Question

Prove that $1.2+2.3+.......n(n+1)$=$\frac{n(n+1)(n+2)}{3}$ in mathematical induction.

Answer 1

We shall prove the result by principle of mathematical induction.

checking for $n=1$,

$LHS:1.2=2$

$RHS:\frac{1}{3}\times 1\times 2\times 3=2$.

Hence true for $n=1$

Let us assume the result is true for $n=k$ ie.,

$1.2+2.3+.....k(k+1)=\frac{1}{3}\times k\times (k+1)\times (k+2)$

We shall prove the result to be true for $n=k+1$.

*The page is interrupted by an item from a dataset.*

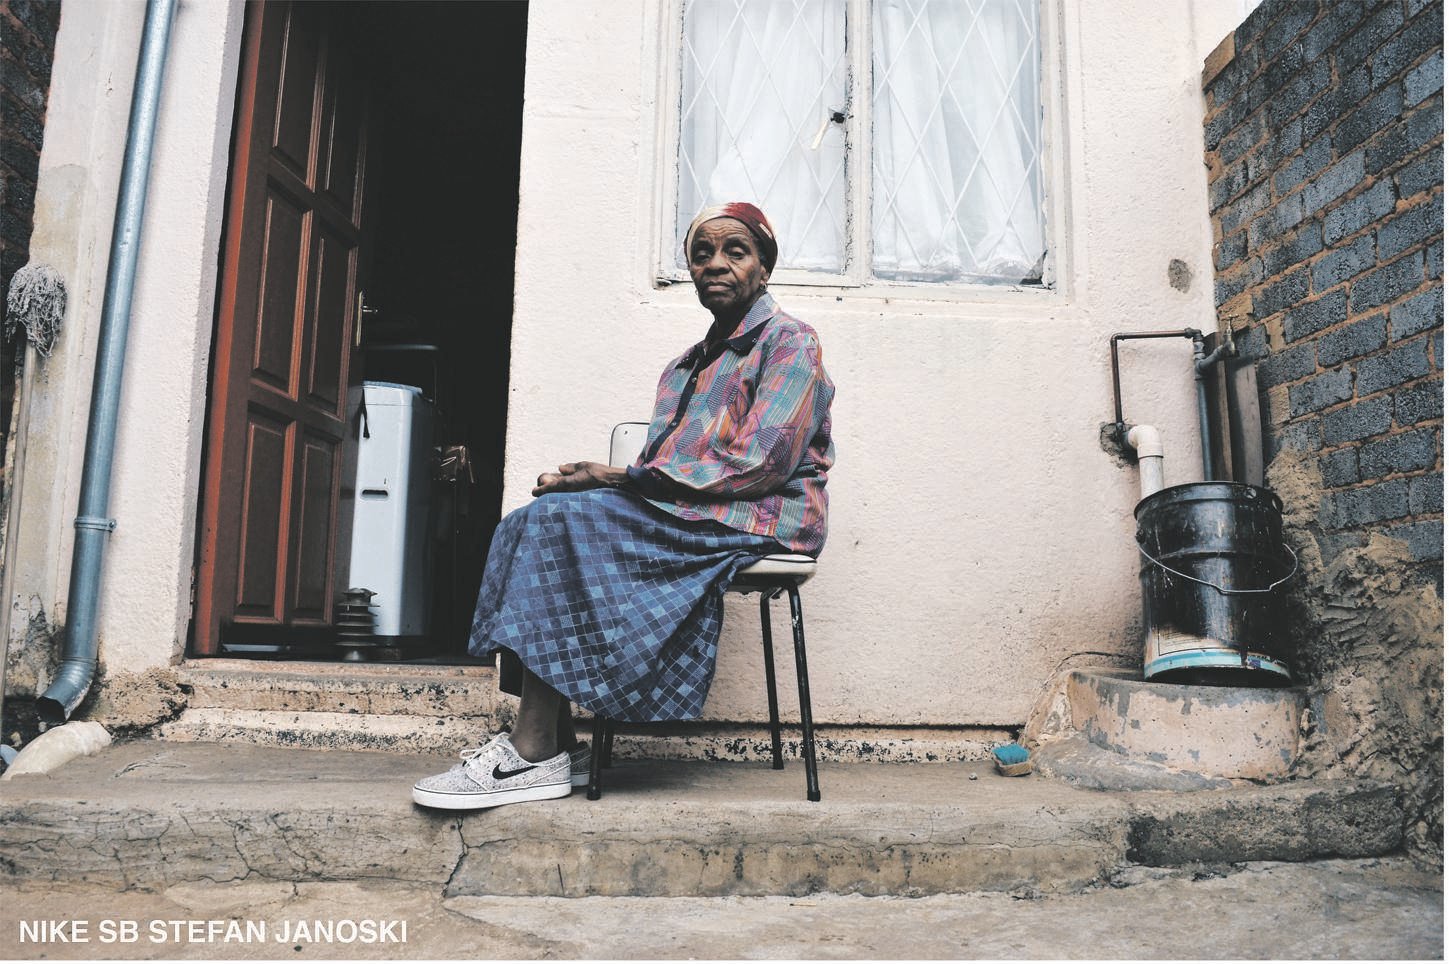 Irvin Khumalo’s series is particularly moving in how it connects the common thread of marginalisation and vulnerability that both the youth and the elderly face. Picture: Irvin Khumalo

that is, to prove $1.2+2.3.....+k(k+1)+(k+1)(k+2)=\frac{1}{3}(k+1)(k+2)(k+3)$

consider $LHS:1.2+2.3.....+k(k+1)+(k+1)(k+2)$

$=\frac{1}{3}\times k\times (k+1)\times (k+2)+(k+1)(k+2)$

$=(k+1)(k+2)\left[\frac{1}{3}\right(k+1\left)\right]$

$=(k+1)(k+2)(k+3)\frac{1}{3}$

$=RHS$.

Hence the result holds for $n=k+1$.

Hence proof is complete by PMI and therefore the result holds.